Fast Start: Rochester’s New Generation Of Craft

ROCHESTER BUSINESS JOURNAL

Written by Thomas Adams 
September 27, 2013

ROCHESTER BUSINESS JOURNAL

By: Kerry Feltner KERRY FELTNER February 19, 2016

In three years Jason Barrett has built a distillery from nothing, earned national accolades for his spirits and added local jobs to Rochester’s economy—all under the age of 30.

Last year, Barrett, 28, successfully led his company, Black Button Distilling, to expand distribution to 11 states. This year he plans to increase sales by 50 percent.

“2015 was a bit of a whirlwind,” Barrett says. “Luckily we made every order; we kept to our quality standards. We didn’t let any of that slip, but it was very tough.”

Barrett opened the distillery in 2012 in a 5,000-square-foot space on Railroad Street near the public market. A 5,800-square-foot storage facility opened last year to accommodate growth.

This year Barrett decided to limit all manufacturing to the firm’s headquarters.

“1344 University Avenue is our manufacturing hub,” Barrett says. “This is where we make every drop of everything we do. We really committed back in June that Black Button will always be 100 percent made, bottled at the 1344 University Avenue location.”

The decision was difficult but necessary to keep the business focused, he says.

“In essence we put a ceiling on our growth, and granted, that ceiling is high—it’s 5,000 bottles a week—but it does mean there’s an end point to the growth,” Barrett says. “We’re not going to get bigger than that, and some of that was very helpful because it was a realization of, ‘OK, we don’t have to chase every bottle.’

“We now need to build the strongest company, the best company, not the biggest company,” he adds.

Today the company produces 1,450 bottles each week. Barrett expects the staff of seven full-timers will grow to a dozen by the end of the year. Staff additions included a winemaker and brewer who helped boost the health of the firm’s yeast, leading to a 20 percent increase in yield.

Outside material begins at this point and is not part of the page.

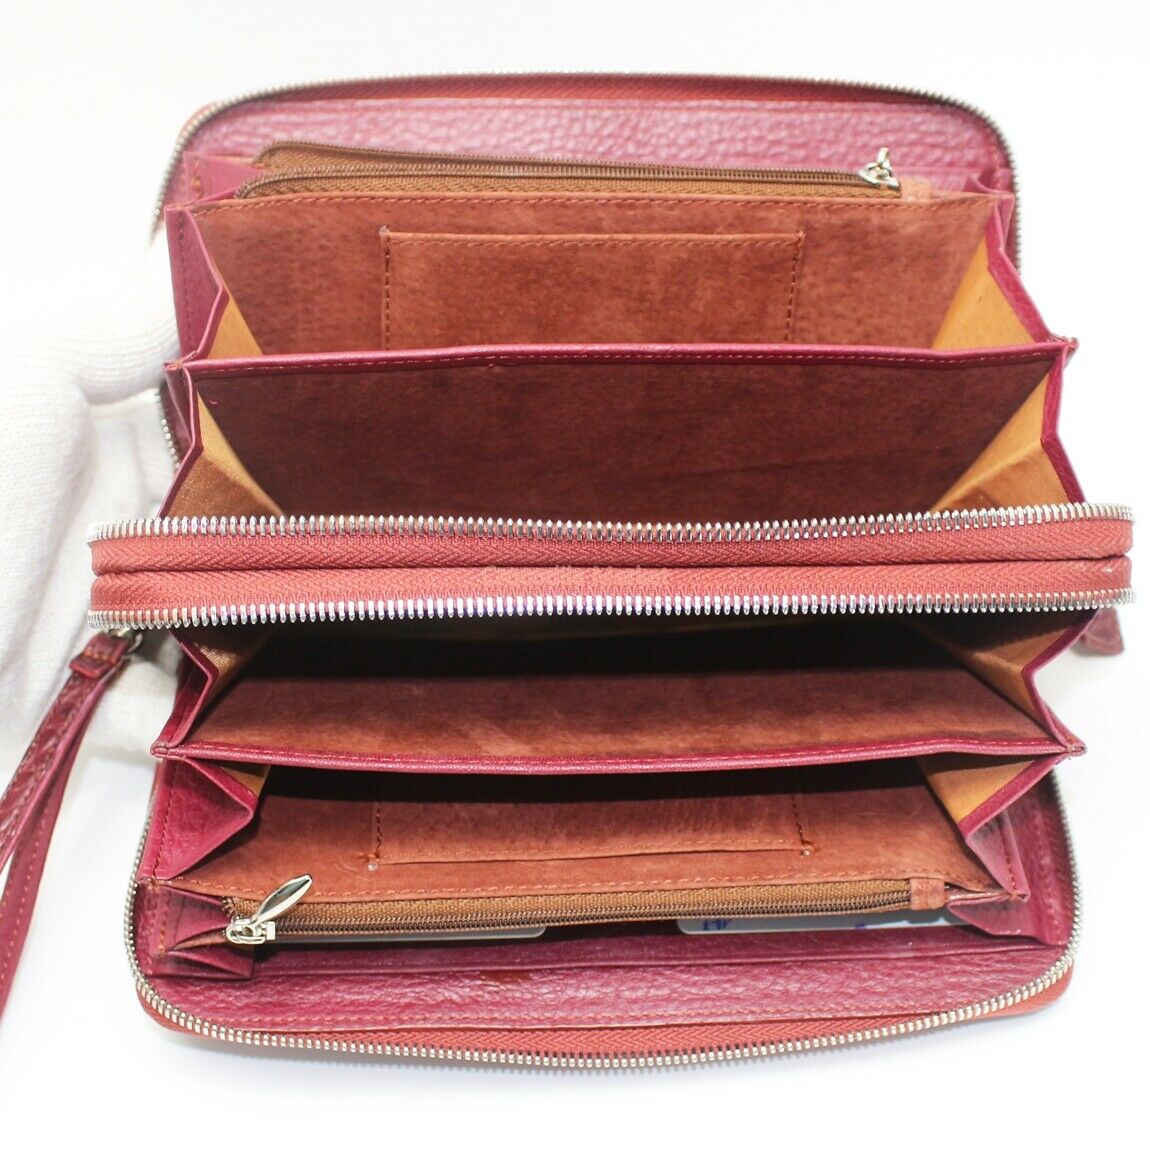 Genuine Leather Crocodile Skin Long Wallet 2 Zip-Around Clutch Handbag, Burgundy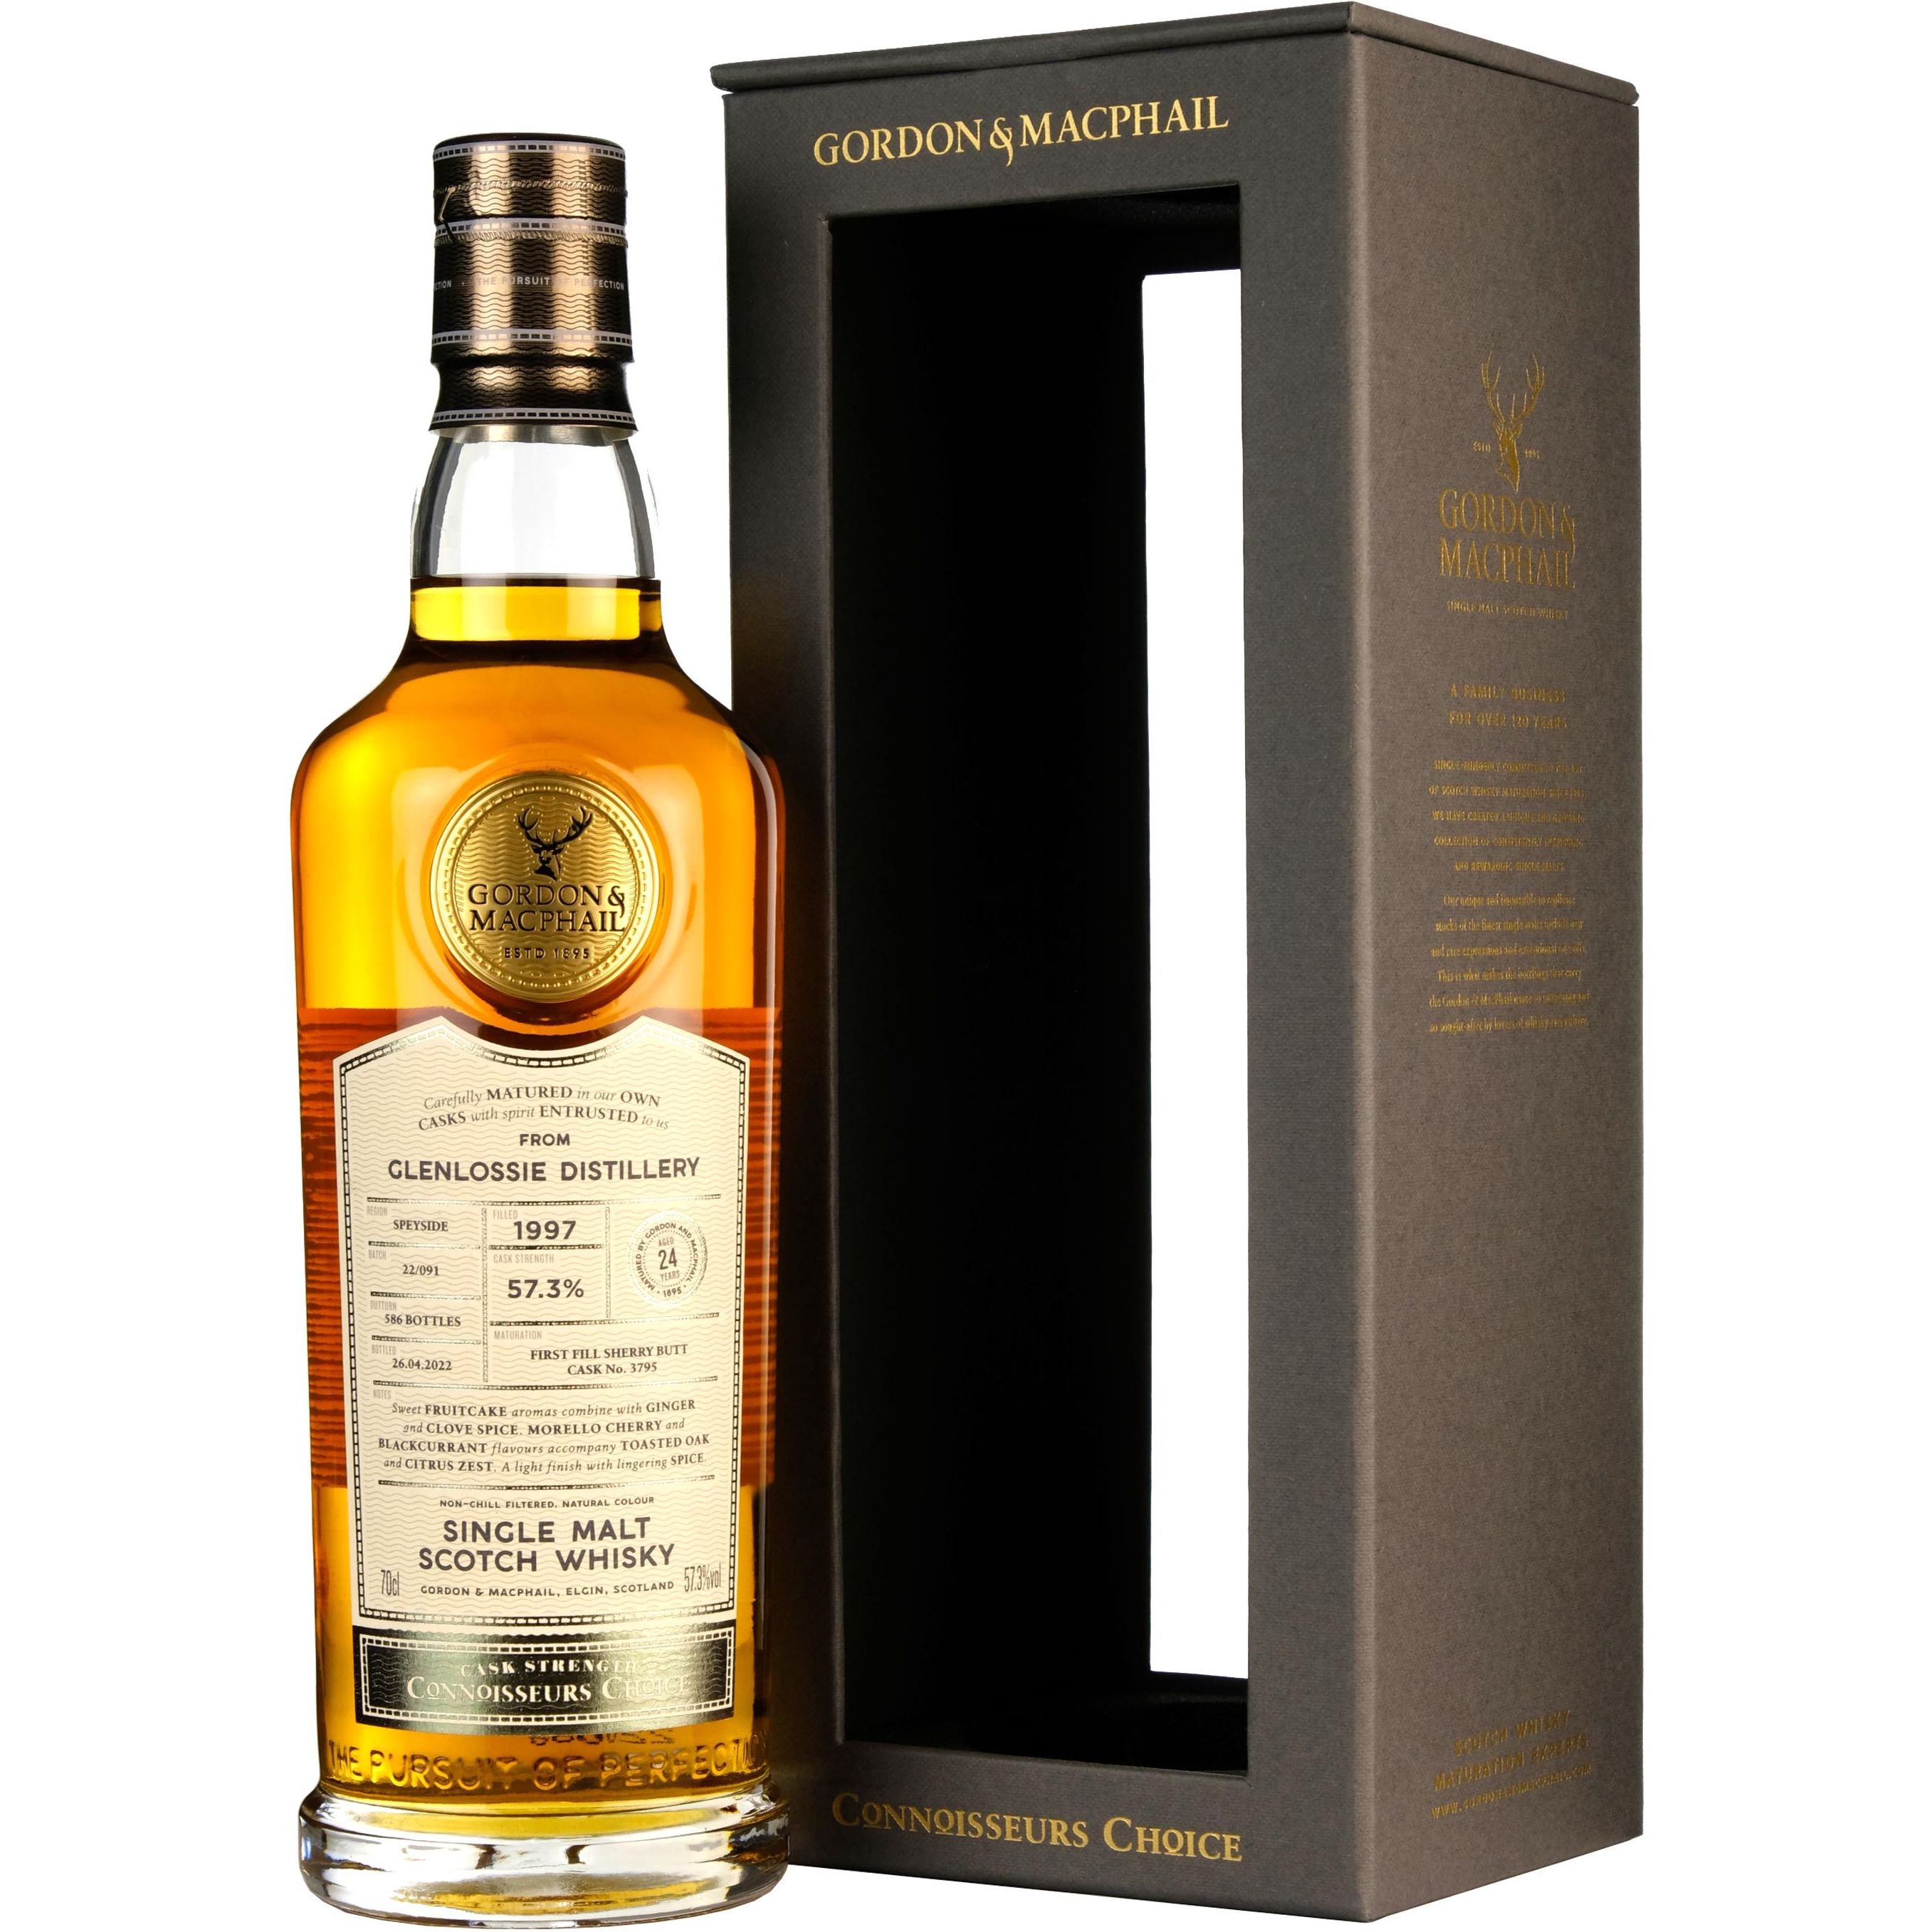 Виски Gordon & MacPhail Connoisseurs Choice Glenlossie 1997 Single Malt Scotch Whisky 57.3% 0.7 л в подарочной упаковке - фото 1

“As we’ve started to better nurture our yeast and take care of that yeast colony in a better way, the way the wineries do, we’ve started to see significant positive results that that’s brought to our products both in terms of increased yield but also increased quality,” Barrett says. “It’s a very unusual practice for distilleries. Distilleries really don’t usually worry that much about their yeast, whereas with wineries it’s a critical component.”

The distillery’s nine products include its Citrus Forward Gin, which won multiple awards and was named the “Official Gin of Summer” in July 2015 by Food & Beverage magazine. The accolades prompted calls from distributors.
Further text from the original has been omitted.